Exercise directions: Below are the entries. Print only the lines starting at the one with "5G ryšys naudojamas" and ending at the one with "Παντελόνι σε μαύρο", exactly, with no pictures.

Record set:
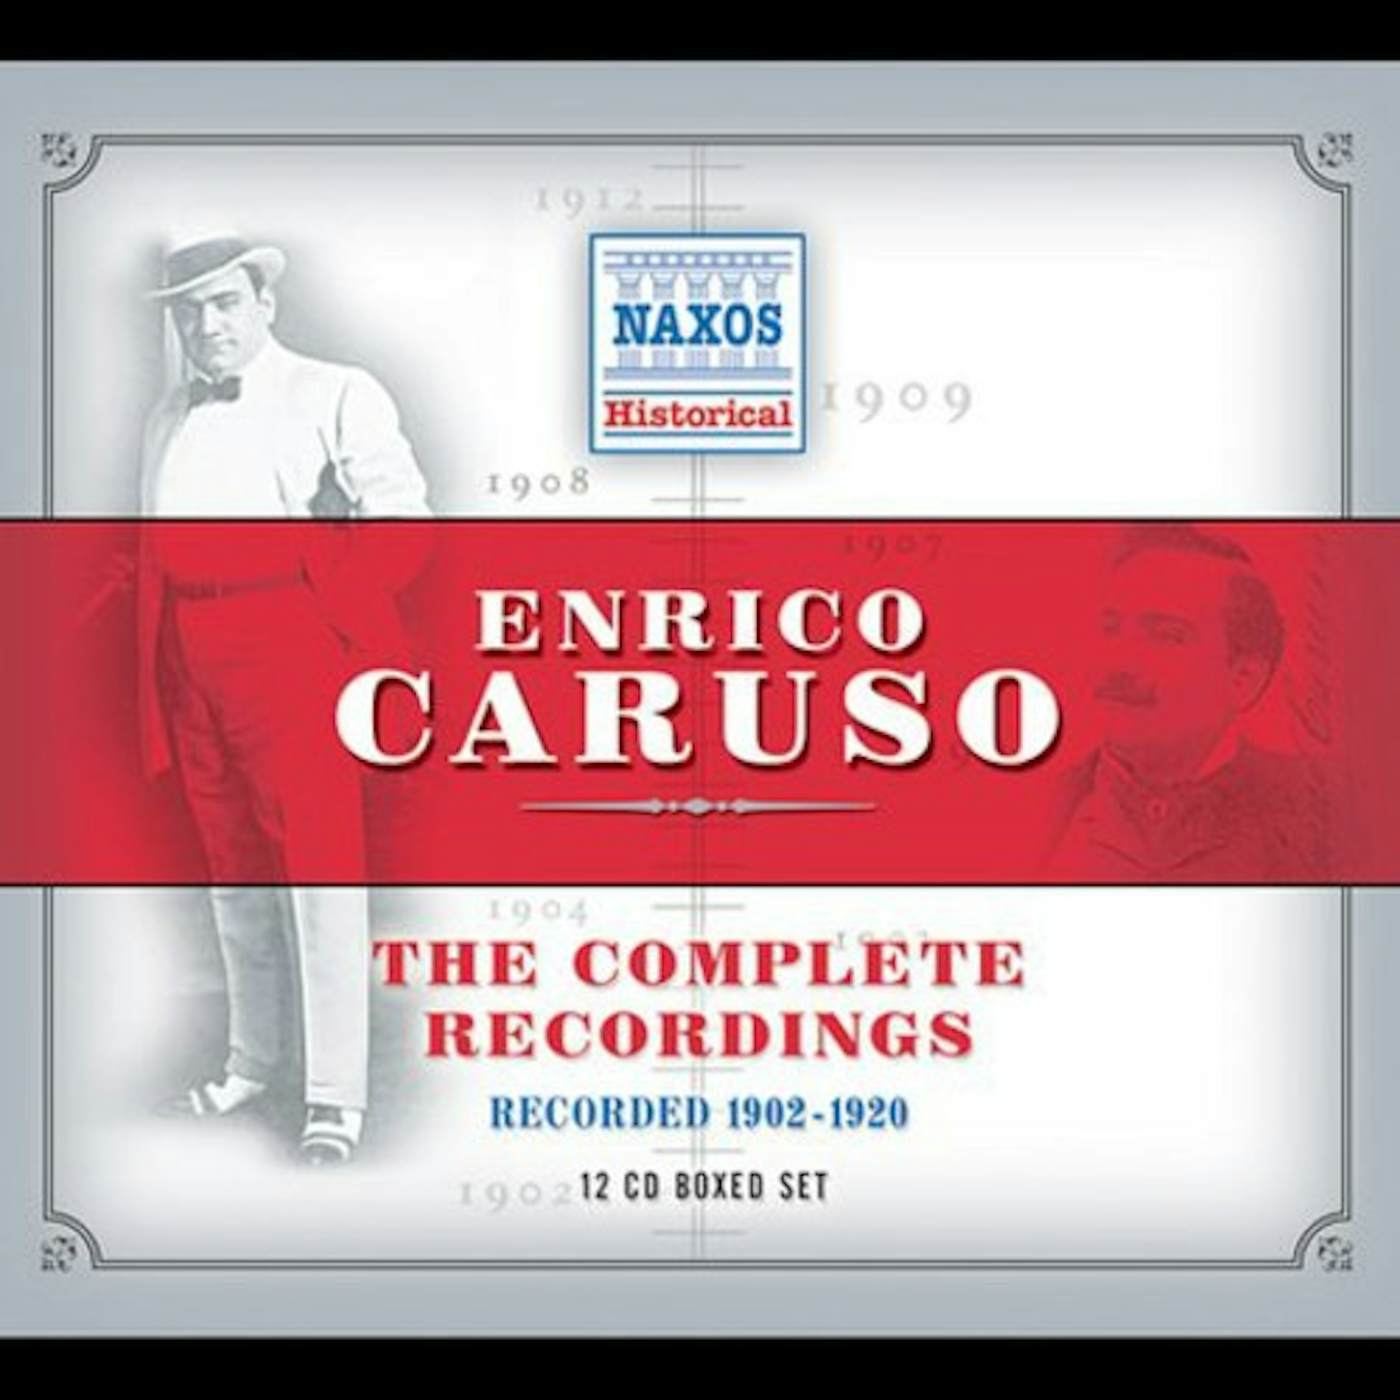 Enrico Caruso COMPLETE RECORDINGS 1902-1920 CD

* * *

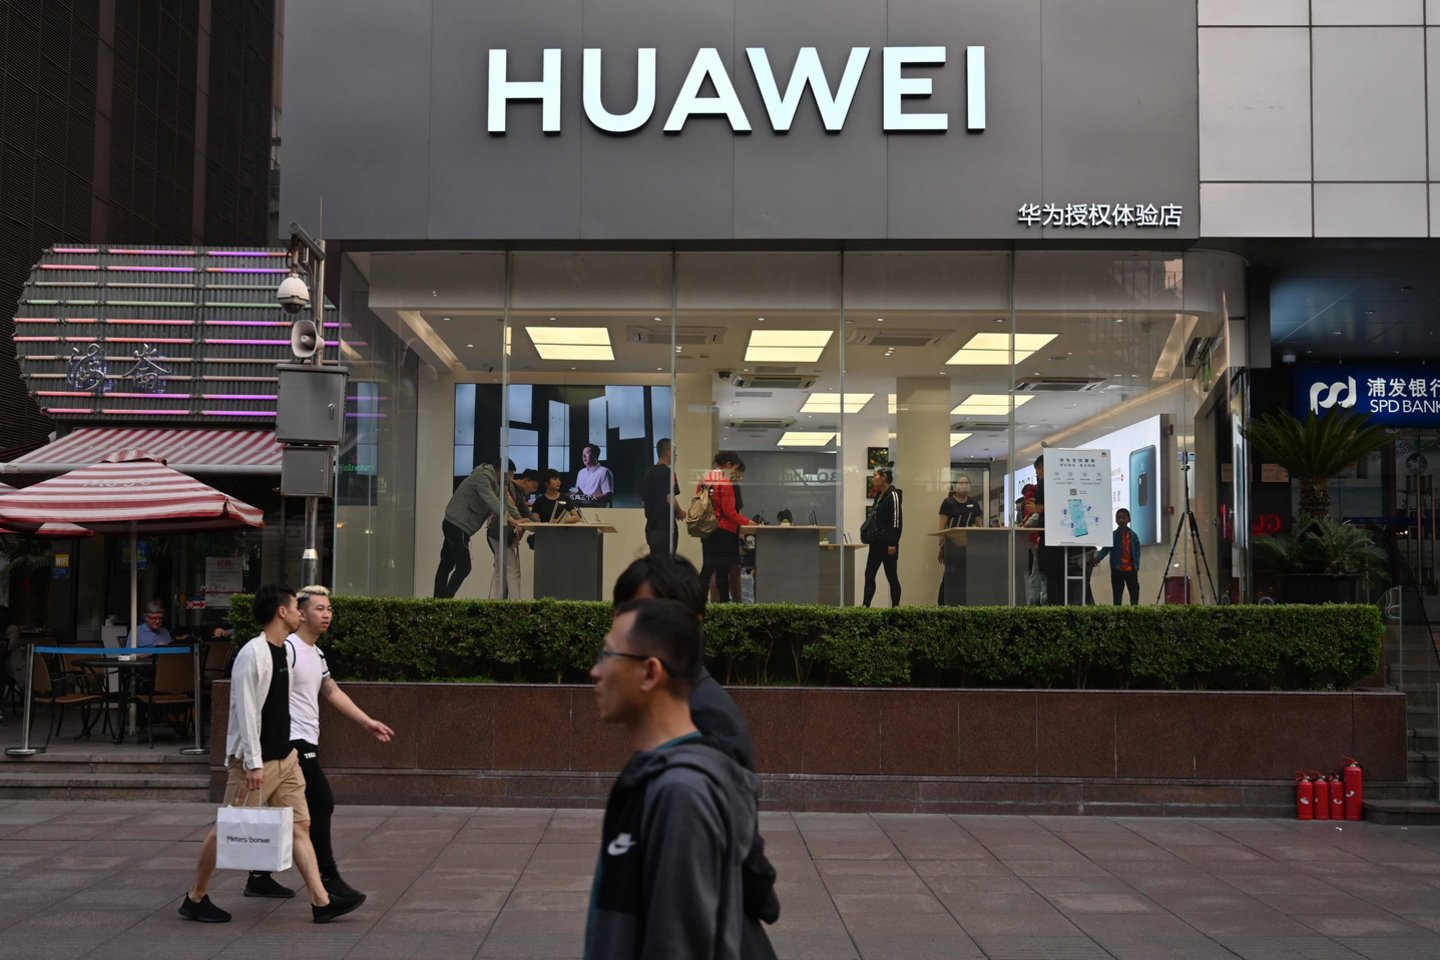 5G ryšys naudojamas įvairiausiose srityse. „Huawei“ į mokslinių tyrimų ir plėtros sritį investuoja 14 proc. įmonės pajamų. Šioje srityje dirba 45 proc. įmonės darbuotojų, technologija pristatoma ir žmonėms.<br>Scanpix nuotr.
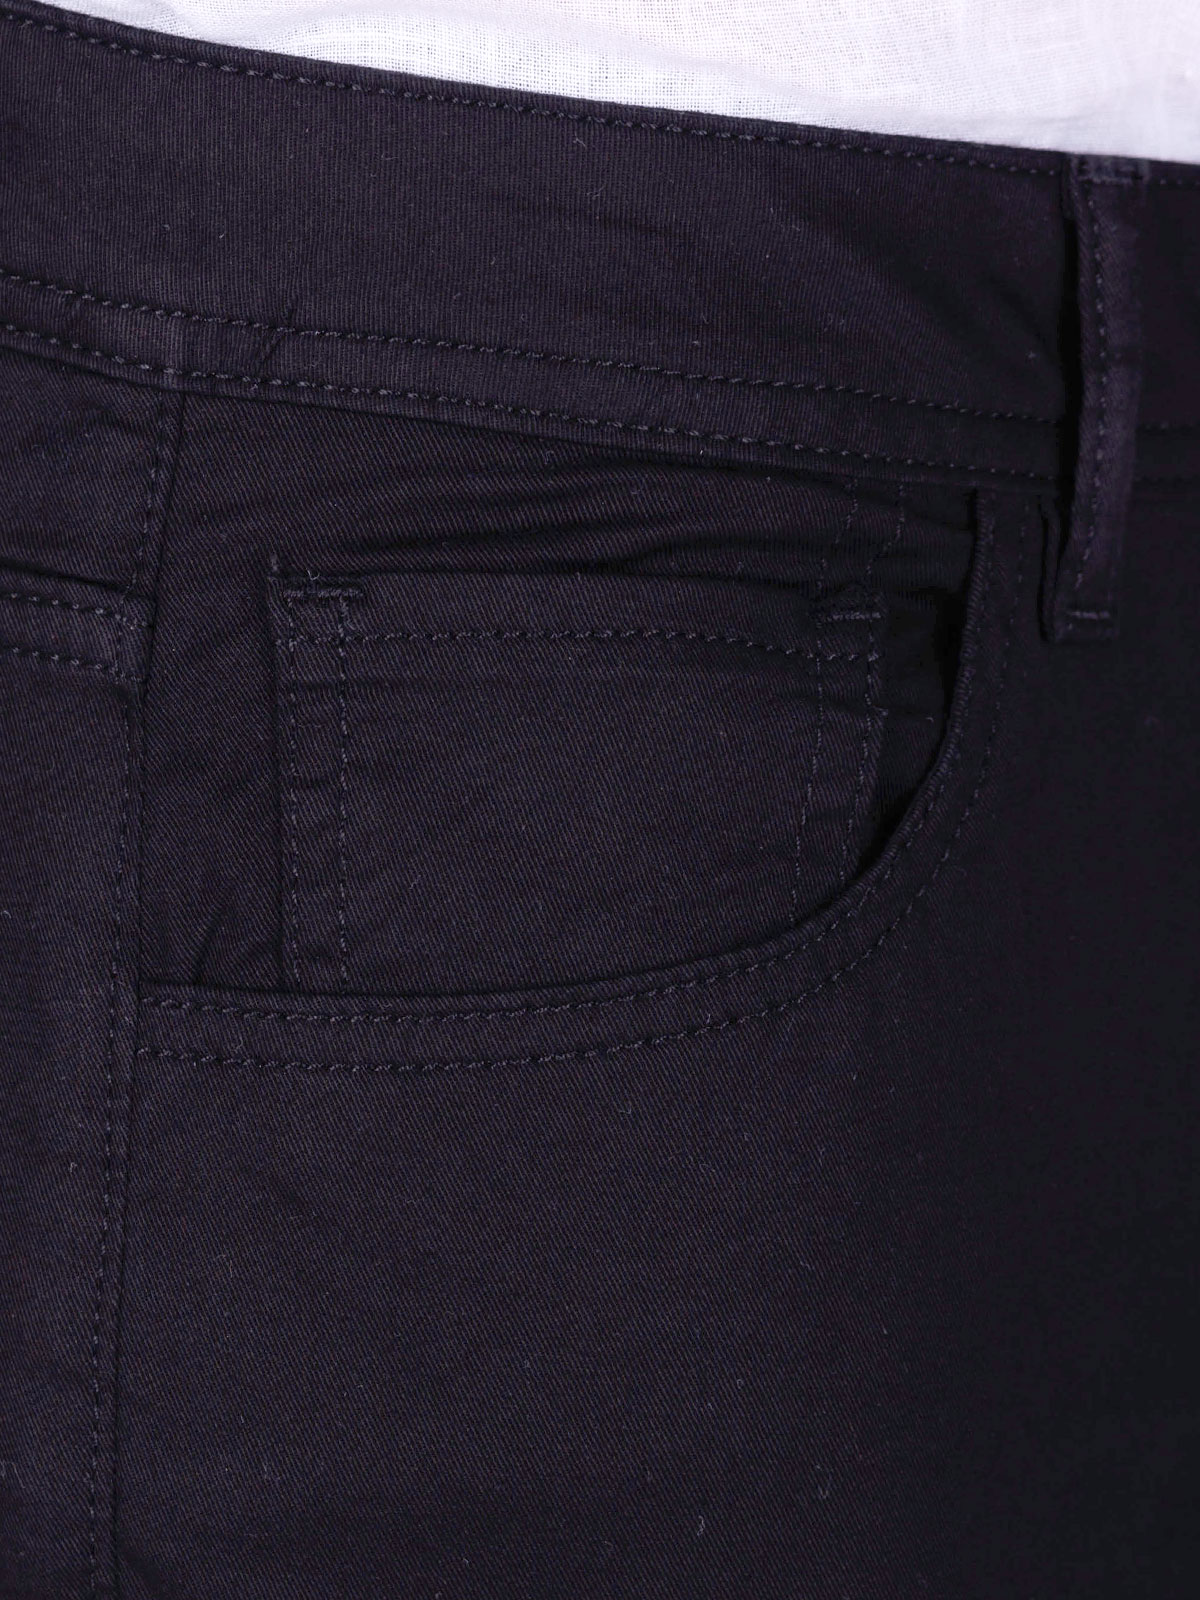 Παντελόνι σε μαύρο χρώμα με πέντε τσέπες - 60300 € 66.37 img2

Solution for this problem:
 5G ryšys naudojamas įvairiausiose srityse. „Huawei“ į mokslinių tyrimų ir plėtros sritį investuoja 14 proc. įmonės pajamų. Šioje srityje dirba 45 proc. įmonės darbuotojų, technologija pristatoma ir žmonėms.<br>Scanpix nuotr.
 Παντελόνι σε μαύρο χρώμα με πέντε τσέπες - 60300 € 66.37 img2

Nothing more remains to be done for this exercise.